Gov. Andrew Cuomo’s plan would raise levies $2 billion, mostly via an income-tax surcharge on top earners and a delay in scheduled tax cuts for the middle class. And proposals in the Legislature (now packed with radical leftists) would go even further.
The income-tax hike alone would put New York’s top combined state and local tax rate at 14.7 percent, the nation’s highest. As the nonpartisan Citizens Budget Commission notes, that “heightens the risk that these residents will leave the state, taking their tax payments and possibly business interests with them.”
Empire Center fiscal expert E.J. McMahon has echoed that fear, noting that “the highest 1 percent of taxpayers” already account for 40 percent of the state’s personal-income tax. If efforts to bleed them for more drive them away, the state could see a net loss on its tax hikes.
Cash-flight risks are higher now, the CBC points out: “The past 11 months of telecommuting and remote business administration” have proven “the viability of being outside of New York.”

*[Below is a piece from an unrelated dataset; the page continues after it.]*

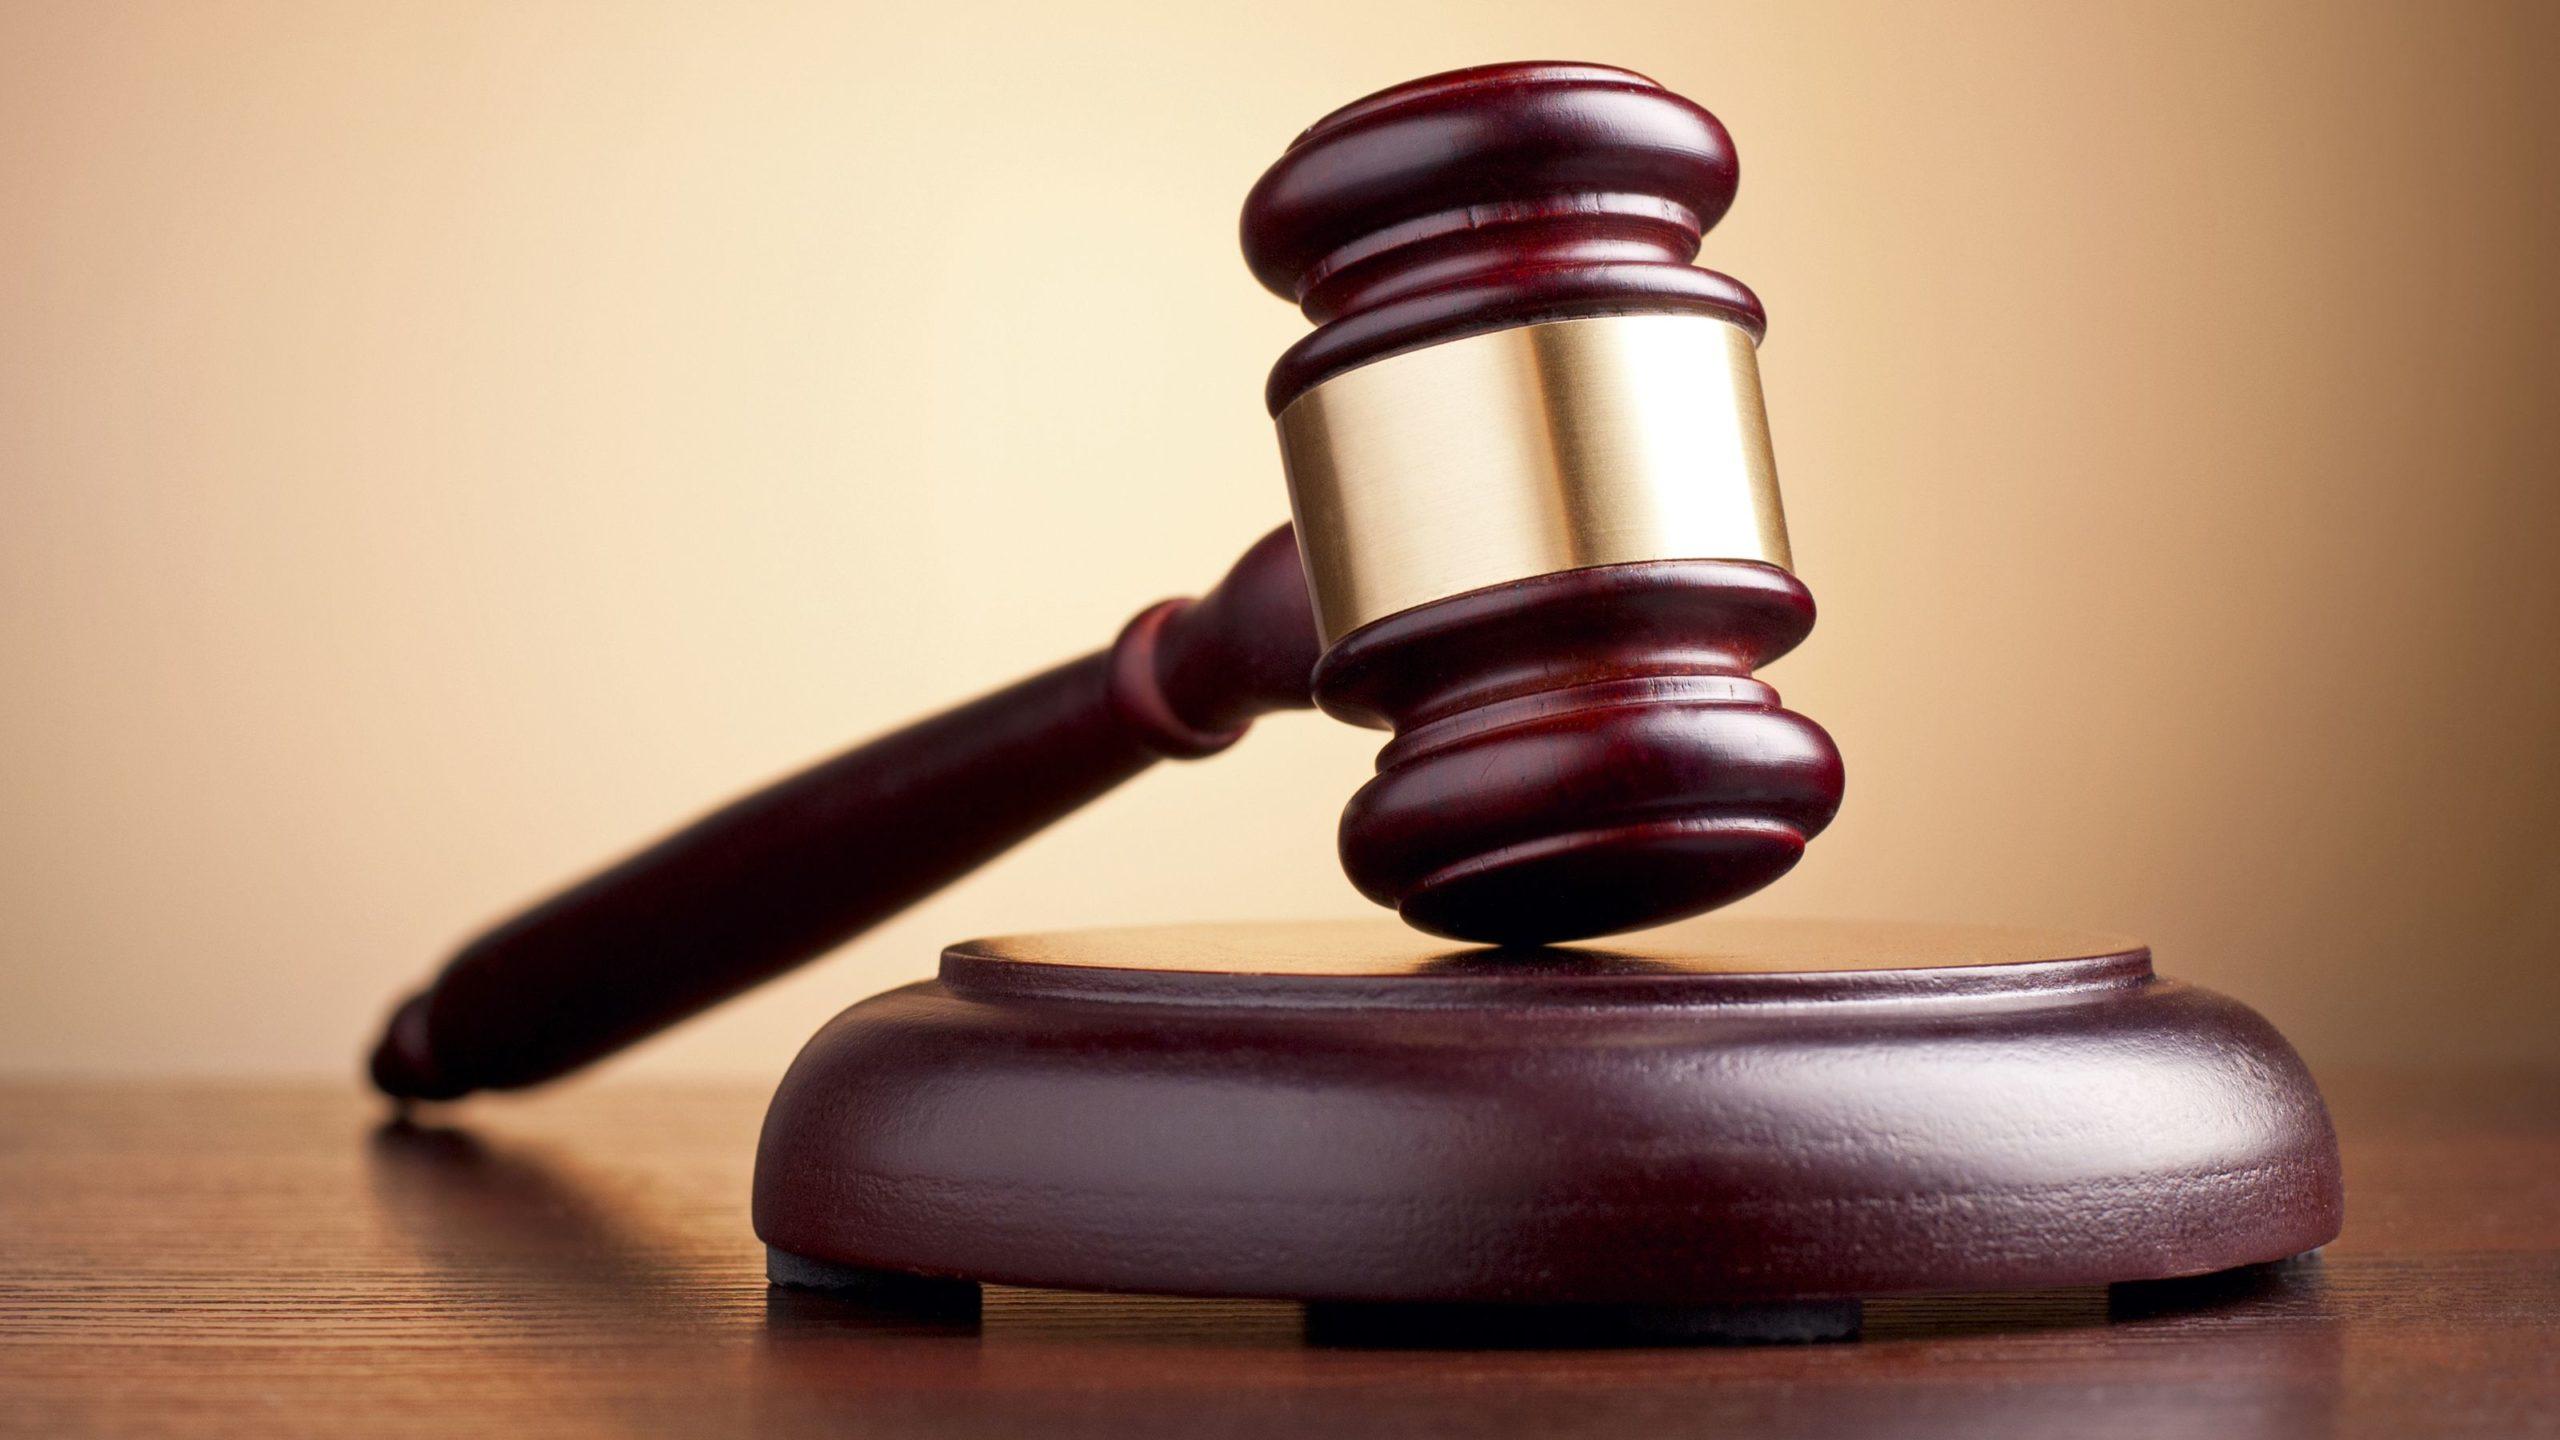 Арест и имущества и взыскание средств со счетов возможны только по решению суда

Meanwhile, leaders in the securities industry, which accounts for 18 percent of state tax collections, are sounding alarms about similar “consequences” of reinstating a stock-transfer tax: “If Albany lawmakers get their way,” New York Stock Exchange President Stacey Cunningham warns, “the center of the global financial industry may need to find a new home.” Already, she notes, many Wall Street employees are migrating to states with more hospitable tax policies.
So New York stands to lose not just taxpayers who contribute the most to the budget but also a major industry. The state would never look the same.
Stock-transfer taxes, by the way, often fail to bring in the expected revenue, since firms simply move to avoid them, adds Cunningham. Regular folks would pay, too, as the cost gets passed along: Vanguard estimates a tax of just 0.1 percent would force retirement-account investors to work 2 ½ years longer to rack up the same savings.
There are better budget-balancing steps, like trimming Albany’s “economic-development” slush fund, which hands out nearly half a billion dollars a year to the film and TV industry alone. Or reining in school spending, which is far higher here per student than in any other state.
But raising taxes should be off the table. If New York is to survive, fiscally and economically, it needs to prop up its economy and hang on to its tax base — not decimate them both.